Скорее всего, у нее уже есть четкий план и практически все готово для его осуществления. Не просто так она долго и методично налаживала функционирование подпольной сети в лагере. Но что она задумала? Зачем детали для оружия… Информация…
И все сразу встало на свои места. Вместе с догадкой на Поль опустилось холодное облако тревоги. Мысли о том, что ради задуманного Кэтрин готова была толкнуть ее в постель к врагу, каким бы он не был, даже тем самым жутким страшилищем из россказней заключенных быстро отошли на второй план.
Кэт планировала бунт в лагере. Она стремилась на свободу, жаждала покарать тюремщиков и вернуться к партизанской войне. Ей невыносимо было отсиживаться здесь, пока снаружи продолжаются боевые действия, с ее то беспокойной и страстной натурой. Она была слишком сильной, смелой и энергичной. И совершенно безрассудной, потому что в случае провала смерть грозила бы не только ей, но и всем, кого ей удалось склонить на свою сторону. Но сумасбродная американка относилась к числу тех людей, которые считали, что цель оправдывает средства и, разумеется, жертвы.

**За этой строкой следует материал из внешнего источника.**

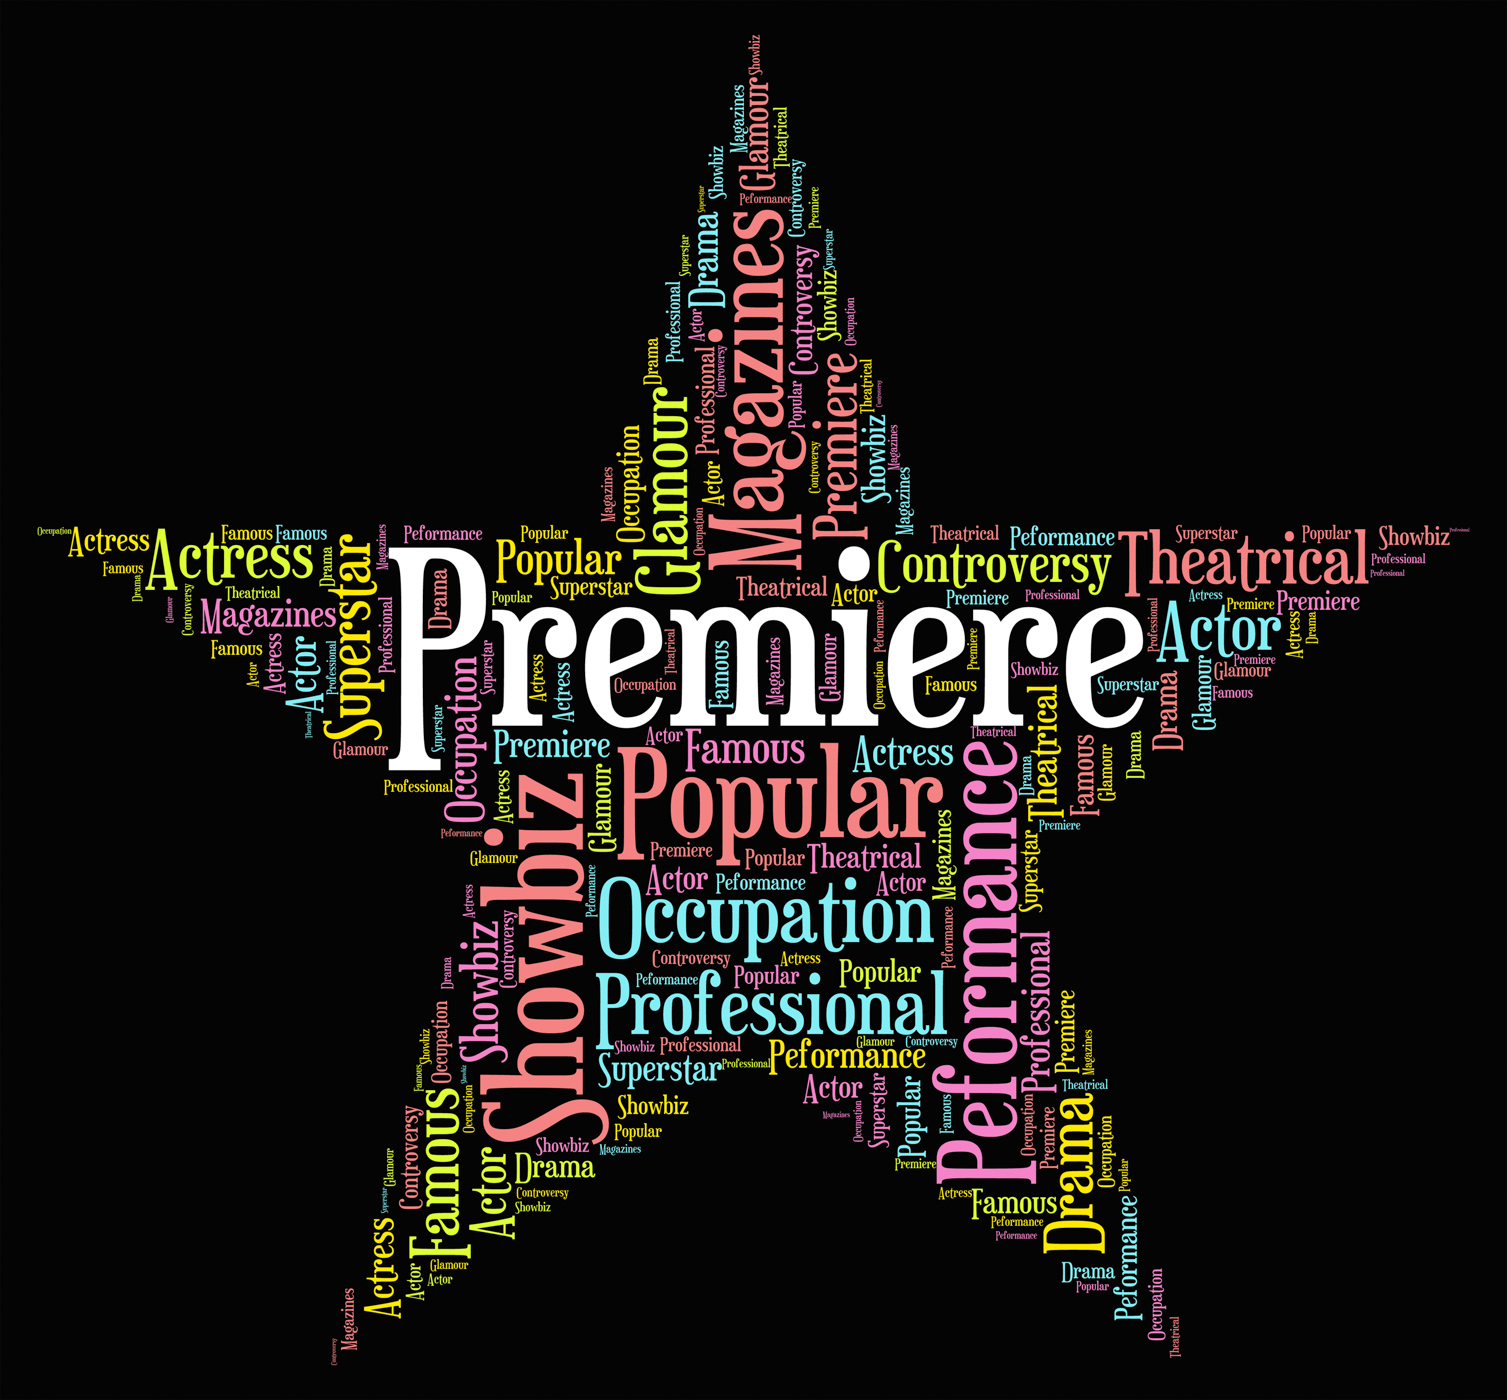 Premiere star represents opening nights and perfomance photo

– Тебя казнят, – выдохнула Поль.
– Это лучше, чем сгнить тут заживо, – уверенно и гордо возразила Кэтрин и задрала подбородок, – я хочу умереть героиней, а не пленницей.
– Ты умрешь полной дурой, – сказала Поль и с грустью подумала о том, что Кэт в своей одержимости идеями и готовностью умереть за них напомнила ей Монстра.
Сама же Поль не могла, к несчастью, разделить такого энтузиазма бросаться грудью на амбразуру или умирать во имя чего-то великого. Она предпочла бы просто жить, и чтобы живы были ее друзья. И Монстр. Ему она тоже совершенно не желала смерти.
Теперь Поль не могла думать ни о чем другом, кроме самоубийственного плана Кэтрин. Конечно, подруга не посвятила ее в подробности, но не нужно было быть гением, чтобы из фрагментов сложить цельную картинку.
Глаза у американки горели, она словно выздоровела после долгой болезни и снова стала прежней собой. И в силу этих обстоятельств, Поль особенно боялась идти в допросную. Вдруг Монстр снова полезет в ее сознание и обнаружит там ее переживания на счет готовящегося бунта? Вряд ли ему это понравится.
Но Поль повезло: в следующую встречу Рихард принес с собой не только армейские пайки, но и толстые красивые альбомы по искусству. Видимо, именно так он расценил просьбу о книгах с картинками – очень буквально. И Поль было стыдно признаться в том, что она имела в виду обычные, художественные книги с иллюстрациями. Когда в Алжире она училась читать, что давалось ей довольно трудно, она предпочитала именно те издания, где были изображения, которые можно было разглядывать часами, спрятавшись в чулане лавки Гловача.
Но выбирать особенно не приходилось. К несчастью, альбомы по искусству были на немецком, хотя в них тоже нашлось много интересного для девушки – хорошая, красивая бумага, качественная печать и красочные цветные репродукции. Разглядывая эти сокровища, Поль даже забыла о своих переживаниях, связанных с Кэтрин. Монстр перевел ей несколько надписей и немного рассказал о художниках, чьим кистям принадлежали картины, а также о том, что все они представители романтизма, которому сильно симпатизировал Фюрер и военная верхушка. Когда мужчина попытался объяснить Поль, что такое романтизм, девушка обиженно надулась и возразила, что не настолько глупа. Все-таки ее соседом и другом был Фалих, учившийся в школе искусств и прожужжавший ей все уши об эпохах, жанрах и стилях.